[Records contained in a dataset]
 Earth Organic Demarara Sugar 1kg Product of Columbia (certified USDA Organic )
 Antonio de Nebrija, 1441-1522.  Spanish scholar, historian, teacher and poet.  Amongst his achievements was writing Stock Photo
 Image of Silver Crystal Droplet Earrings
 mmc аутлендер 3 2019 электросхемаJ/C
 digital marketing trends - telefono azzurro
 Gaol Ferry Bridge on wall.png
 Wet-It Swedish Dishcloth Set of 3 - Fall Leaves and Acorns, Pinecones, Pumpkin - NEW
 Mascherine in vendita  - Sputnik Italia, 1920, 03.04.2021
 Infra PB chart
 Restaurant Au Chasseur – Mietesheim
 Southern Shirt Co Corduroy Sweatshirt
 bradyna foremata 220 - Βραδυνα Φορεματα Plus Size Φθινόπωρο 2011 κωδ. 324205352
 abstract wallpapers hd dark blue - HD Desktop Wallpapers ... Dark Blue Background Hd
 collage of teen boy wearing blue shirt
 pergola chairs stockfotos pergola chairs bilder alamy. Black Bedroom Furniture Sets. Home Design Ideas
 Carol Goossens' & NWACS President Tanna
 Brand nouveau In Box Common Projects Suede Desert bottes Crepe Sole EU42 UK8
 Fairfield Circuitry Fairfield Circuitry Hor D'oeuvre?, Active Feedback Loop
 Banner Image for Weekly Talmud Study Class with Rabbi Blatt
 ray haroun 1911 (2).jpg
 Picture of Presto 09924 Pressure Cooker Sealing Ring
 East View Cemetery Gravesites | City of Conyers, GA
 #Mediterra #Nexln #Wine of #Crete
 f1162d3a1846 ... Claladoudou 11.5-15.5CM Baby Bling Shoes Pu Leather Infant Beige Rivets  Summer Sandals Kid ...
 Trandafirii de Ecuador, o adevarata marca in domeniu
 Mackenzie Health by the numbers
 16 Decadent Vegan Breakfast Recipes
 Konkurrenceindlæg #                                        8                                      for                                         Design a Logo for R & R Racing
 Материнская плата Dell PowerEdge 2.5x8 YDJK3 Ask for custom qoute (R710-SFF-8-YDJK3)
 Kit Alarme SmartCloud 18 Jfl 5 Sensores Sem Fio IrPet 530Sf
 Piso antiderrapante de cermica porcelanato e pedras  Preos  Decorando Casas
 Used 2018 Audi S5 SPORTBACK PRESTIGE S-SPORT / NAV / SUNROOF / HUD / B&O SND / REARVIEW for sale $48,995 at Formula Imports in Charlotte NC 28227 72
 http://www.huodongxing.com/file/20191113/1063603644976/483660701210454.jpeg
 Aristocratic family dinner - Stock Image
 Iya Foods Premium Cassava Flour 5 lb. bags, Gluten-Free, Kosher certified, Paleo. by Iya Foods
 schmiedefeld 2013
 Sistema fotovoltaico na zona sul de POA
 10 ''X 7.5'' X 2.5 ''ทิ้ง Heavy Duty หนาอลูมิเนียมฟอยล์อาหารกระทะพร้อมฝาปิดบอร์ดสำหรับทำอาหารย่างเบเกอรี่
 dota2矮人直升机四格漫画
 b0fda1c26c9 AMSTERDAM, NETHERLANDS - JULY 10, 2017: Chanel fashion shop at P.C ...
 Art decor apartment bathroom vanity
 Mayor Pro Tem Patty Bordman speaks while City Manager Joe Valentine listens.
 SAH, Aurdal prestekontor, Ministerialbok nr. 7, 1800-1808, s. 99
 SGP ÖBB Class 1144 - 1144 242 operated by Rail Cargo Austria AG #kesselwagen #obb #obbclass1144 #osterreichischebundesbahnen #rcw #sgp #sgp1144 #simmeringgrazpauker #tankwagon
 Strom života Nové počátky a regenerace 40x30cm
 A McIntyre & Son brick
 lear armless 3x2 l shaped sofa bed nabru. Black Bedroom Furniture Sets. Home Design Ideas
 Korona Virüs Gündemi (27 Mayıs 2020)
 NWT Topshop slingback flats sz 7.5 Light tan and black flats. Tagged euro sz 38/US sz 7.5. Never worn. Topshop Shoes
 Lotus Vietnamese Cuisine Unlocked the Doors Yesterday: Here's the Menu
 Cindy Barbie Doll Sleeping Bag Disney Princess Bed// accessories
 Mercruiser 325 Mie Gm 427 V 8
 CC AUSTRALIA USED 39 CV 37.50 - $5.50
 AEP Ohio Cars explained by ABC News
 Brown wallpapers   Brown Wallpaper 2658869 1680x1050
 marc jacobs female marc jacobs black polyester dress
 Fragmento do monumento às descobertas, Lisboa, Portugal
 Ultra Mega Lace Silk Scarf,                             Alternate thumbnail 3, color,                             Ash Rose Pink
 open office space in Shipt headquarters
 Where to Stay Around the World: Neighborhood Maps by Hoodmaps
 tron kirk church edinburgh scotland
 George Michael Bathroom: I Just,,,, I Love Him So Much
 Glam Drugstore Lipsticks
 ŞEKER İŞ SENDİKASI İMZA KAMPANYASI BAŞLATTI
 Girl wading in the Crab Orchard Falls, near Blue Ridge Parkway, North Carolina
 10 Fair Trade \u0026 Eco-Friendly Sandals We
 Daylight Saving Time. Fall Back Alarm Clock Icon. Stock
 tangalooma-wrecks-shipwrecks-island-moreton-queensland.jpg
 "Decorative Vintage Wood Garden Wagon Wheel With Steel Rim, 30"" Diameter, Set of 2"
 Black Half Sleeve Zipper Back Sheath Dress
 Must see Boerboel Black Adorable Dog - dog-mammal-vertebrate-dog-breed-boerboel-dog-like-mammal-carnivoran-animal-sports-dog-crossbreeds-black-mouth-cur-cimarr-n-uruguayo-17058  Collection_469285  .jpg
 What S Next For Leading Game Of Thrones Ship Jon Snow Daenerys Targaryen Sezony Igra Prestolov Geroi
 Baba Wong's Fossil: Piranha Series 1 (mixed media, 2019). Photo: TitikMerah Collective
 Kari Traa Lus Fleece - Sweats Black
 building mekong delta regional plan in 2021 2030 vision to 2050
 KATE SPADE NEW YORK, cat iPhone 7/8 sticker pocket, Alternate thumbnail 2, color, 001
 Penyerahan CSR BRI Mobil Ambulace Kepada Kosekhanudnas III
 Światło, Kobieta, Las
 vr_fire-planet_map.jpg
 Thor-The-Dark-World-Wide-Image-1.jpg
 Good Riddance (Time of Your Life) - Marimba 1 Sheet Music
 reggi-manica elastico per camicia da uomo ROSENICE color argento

- [Directions for this task]:
If the word "certified" appears in a line above, copy that line.

- [Response for this exercise]:
 Earth Organic Demarara Sugar 1kg Product of Columbia (certified USDA Organic )
 Iya Foods Premium Cassava Flour 5 lb. bags, Gluten-Free, Kosher certified, Paleo. by Iya Foods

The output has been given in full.